Może to nie do końca
horror ,ale momentami się bałam ,a nieraz to bardzo uśmiałam .Myślałam, że
zejdę ,gdy babka obcięła facetowi fiuta i wsadziła do buzi. Od razu
przypomniałam sobie o naszej umowie ze Zbyszkiem. Właśnie Zbyszek, może powinna
o tym porozmawiać z Michałem .Oczywiście ja zawsze muszę być najmądrzejsza.
-Michał ?
-Tak ?
-Ja wiem to nie moja
sprawa. Ale to jest chyba nie porządku to co powiedziałeś do mnie , a w
szczególności do Zbyszka ,wiesz jak on się wtedy czuł .
Kubiak spuścił głowę i
głośno westchnął.
-Wiem. Byłem wtedy piany
,wkurzyło mnie to z tą Olką ,co na każdą dziewczynę będziesz tak reagowała
?Jebło ci wtedy ? Nie mogę sobie życia ułożyć? A na dodatek jeszcze Zibi
wyjechał z Moniką ,no wam się już
wszystkich w dupach poprzewracało !
-My chcieliśmy tylko
pomóc.
-Nie potrzebuję waszej
pomocy ,dam radę sam.!
Co ja mogłam poradzić ?
Nic. Wstałam i skierowałam się do pokoju.
Położyłam się na łóżku i
przytuliłam się głowę do poduszki. Nie mogłam spać,cały czas myślałam o tym
głupim wydarzeniu. Nie miała komu się wyżalić. Wzięłam więc telefon do ręki i w
kontaktach wyszukałam nr do Ignaczaka. Nie liczyłam ,że odbierze ,bo było
późno, ale po 2 sygnałach usłyszałam jego głos w słuchawce
-Cześć malutka.
-Hej.
-Coś się stało ,że
dzwonisz?
-A musi się coś dziać
,żebym zadzwoniła ? Nie mogę tak o dowiedzieć się co tam u ciebie ?
Znał mnie na wylot ,ja
nigdy do niego nie dzwonię ,aby zapytać o takie pierdoły .Dzwonię tylko z
problemami, zapewne się już przyzwyczaił.
-Wiesz co , co jak co
mnie nie oszukasz.Co się stało ?
-Powiedz mi jak to jest
,gdy zaufasz osobie kolejny raz ,a ona cię zawiedzie ? Na moim przykładzie.
Po drugiej stronie
cisza.
-Aż tak źle?-zapytałam
-Nie tylko zaskoczyłaś
mnie tym pytaniem.
-Czyli jak ?
-No jesteś zawiedziony
,nie masz chęci do życia , czujesz się upokorzony, tak jakby ktoś wił ci nóż w
plecy.
-Ty się tak czułeś? Jak
ja to zrobiłam?
-Nie.
-Nie ? To jak ?
-Bardzo się nie
załamywałem ,bo wiedziałem ,że i tak wrócisz .Nie masz nikogo więcej, musisz
,się przecież komuś wyżalić .Ufasz ludziom ,ale nie tak bym im się zwierzać .
-Mój wielkolud. Nawet
nie wiesz jak bardzo bym chciała ,żebyś był blisko mnie.
-Ja też. To ja kończę
,bo jutro mam trening rano. Dobranoc Malutka .
-Dobranoc- westchnęłam i
odłożyłam telefon.
Odwróciłam się na
brzuszek i zasnęłam .Zaczął mi się coś śnić:
Jechałam z moją rodziną samochodem ok. 100 km/h.

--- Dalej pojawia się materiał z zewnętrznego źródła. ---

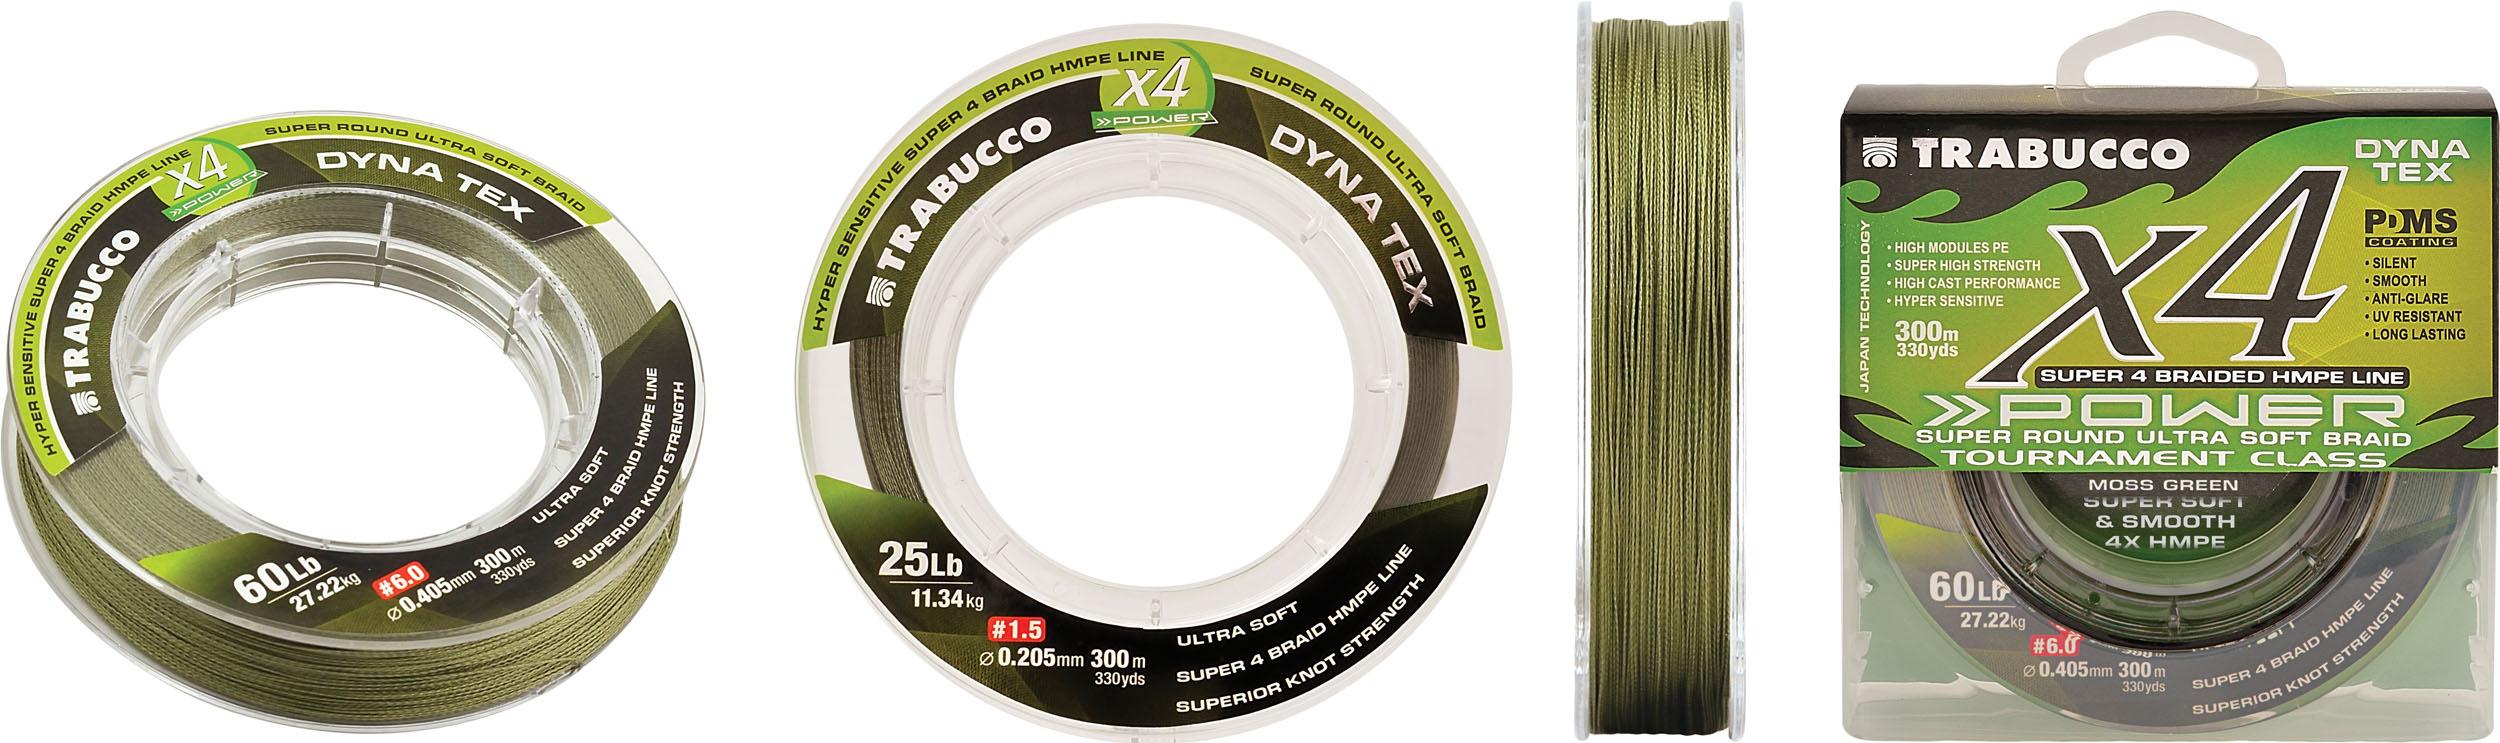 Trabucco Dyna Tex X4 Power 300m 0.285mm MOSS GREEN

Rozmawialiśmy na temat moich ocen, o szkole i na wiele innych tematów. Droga
którą jechaliśmy była pusta, choć jechaliśmy przez duże miasto. Dziwiliśmy się
czemu w godzinach szczytu nikogo nie ma w mieście, była tylko pustka i cisza.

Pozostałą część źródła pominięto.